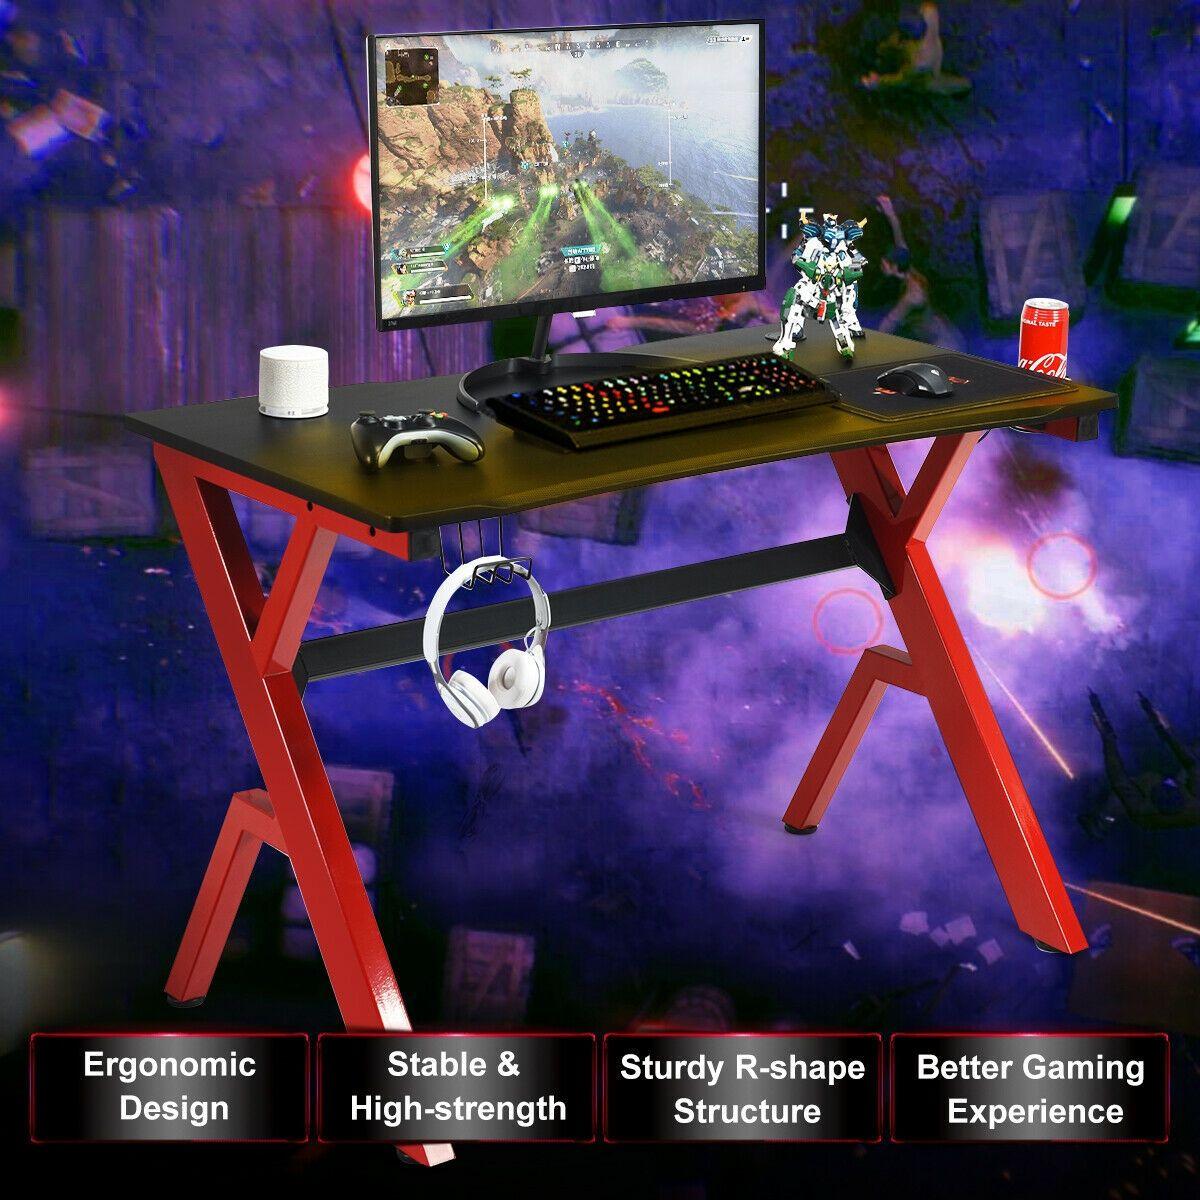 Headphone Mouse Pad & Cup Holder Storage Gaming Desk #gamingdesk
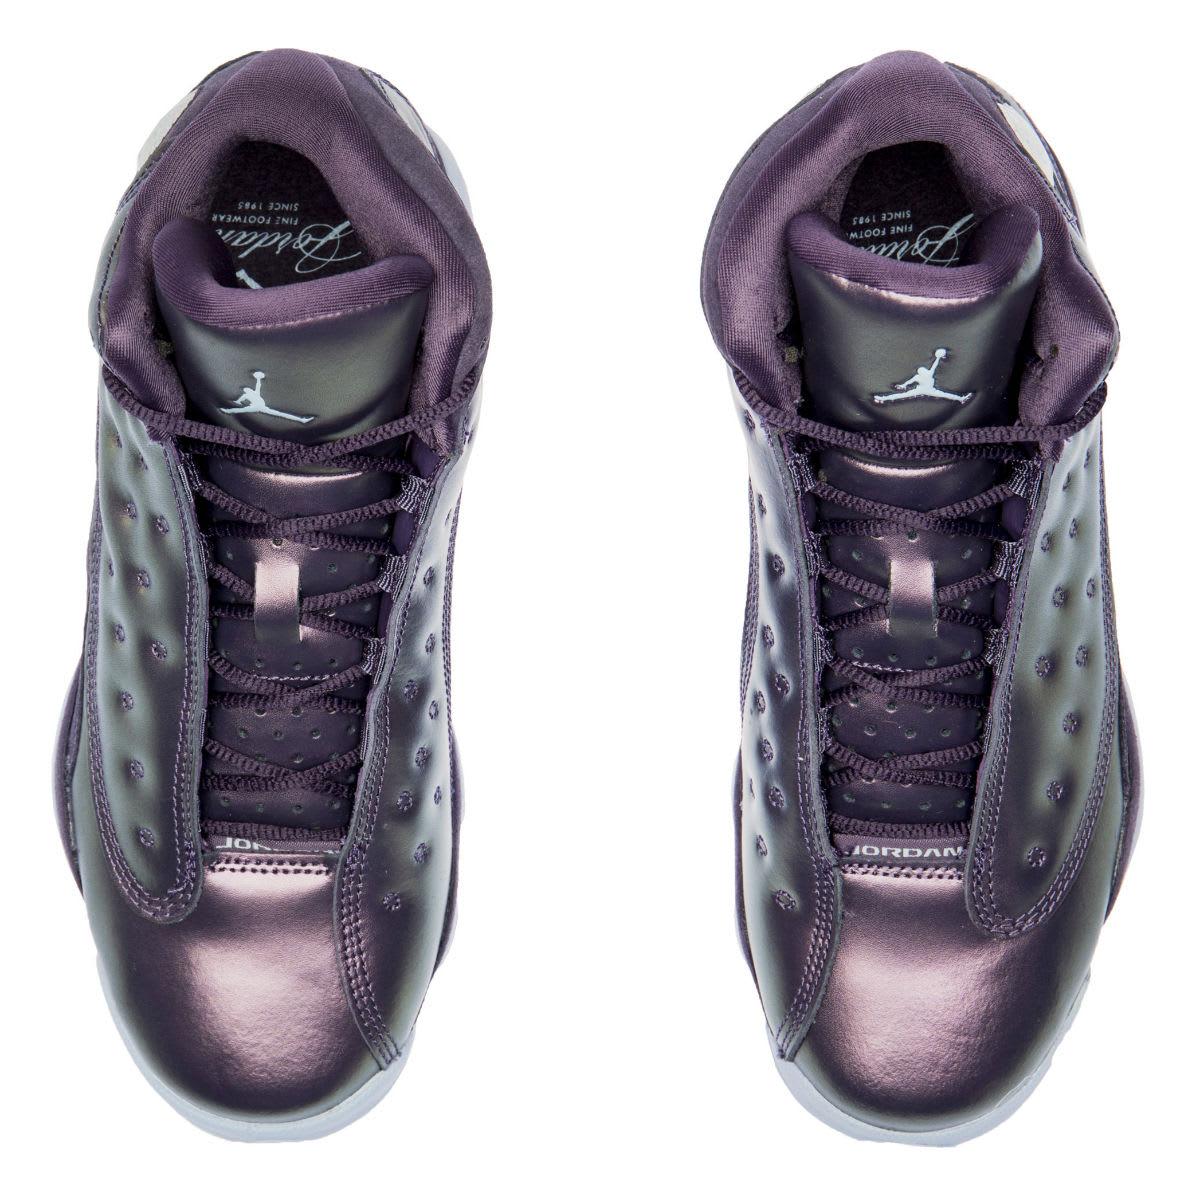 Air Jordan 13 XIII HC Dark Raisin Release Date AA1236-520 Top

--

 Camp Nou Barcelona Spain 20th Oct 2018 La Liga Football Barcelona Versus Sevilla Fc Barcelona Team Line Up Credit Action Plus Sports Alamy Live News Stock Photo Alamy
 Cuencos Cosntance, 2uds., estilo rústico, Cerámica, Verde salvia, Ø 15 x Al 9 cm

● **What is expected**
What are the lines above from the one with "Headphone Mouse Pad" to the one with "Air Jordan 13", both included? Reproduce them exactly, without pictures.

● **Output**
 Headphone Mouse Pad & Cup Holder Storage Gaming Desk #gamingdesk
 Air Jordan 13 XIII HC Dark Raisin Release Date AA1236-520 Top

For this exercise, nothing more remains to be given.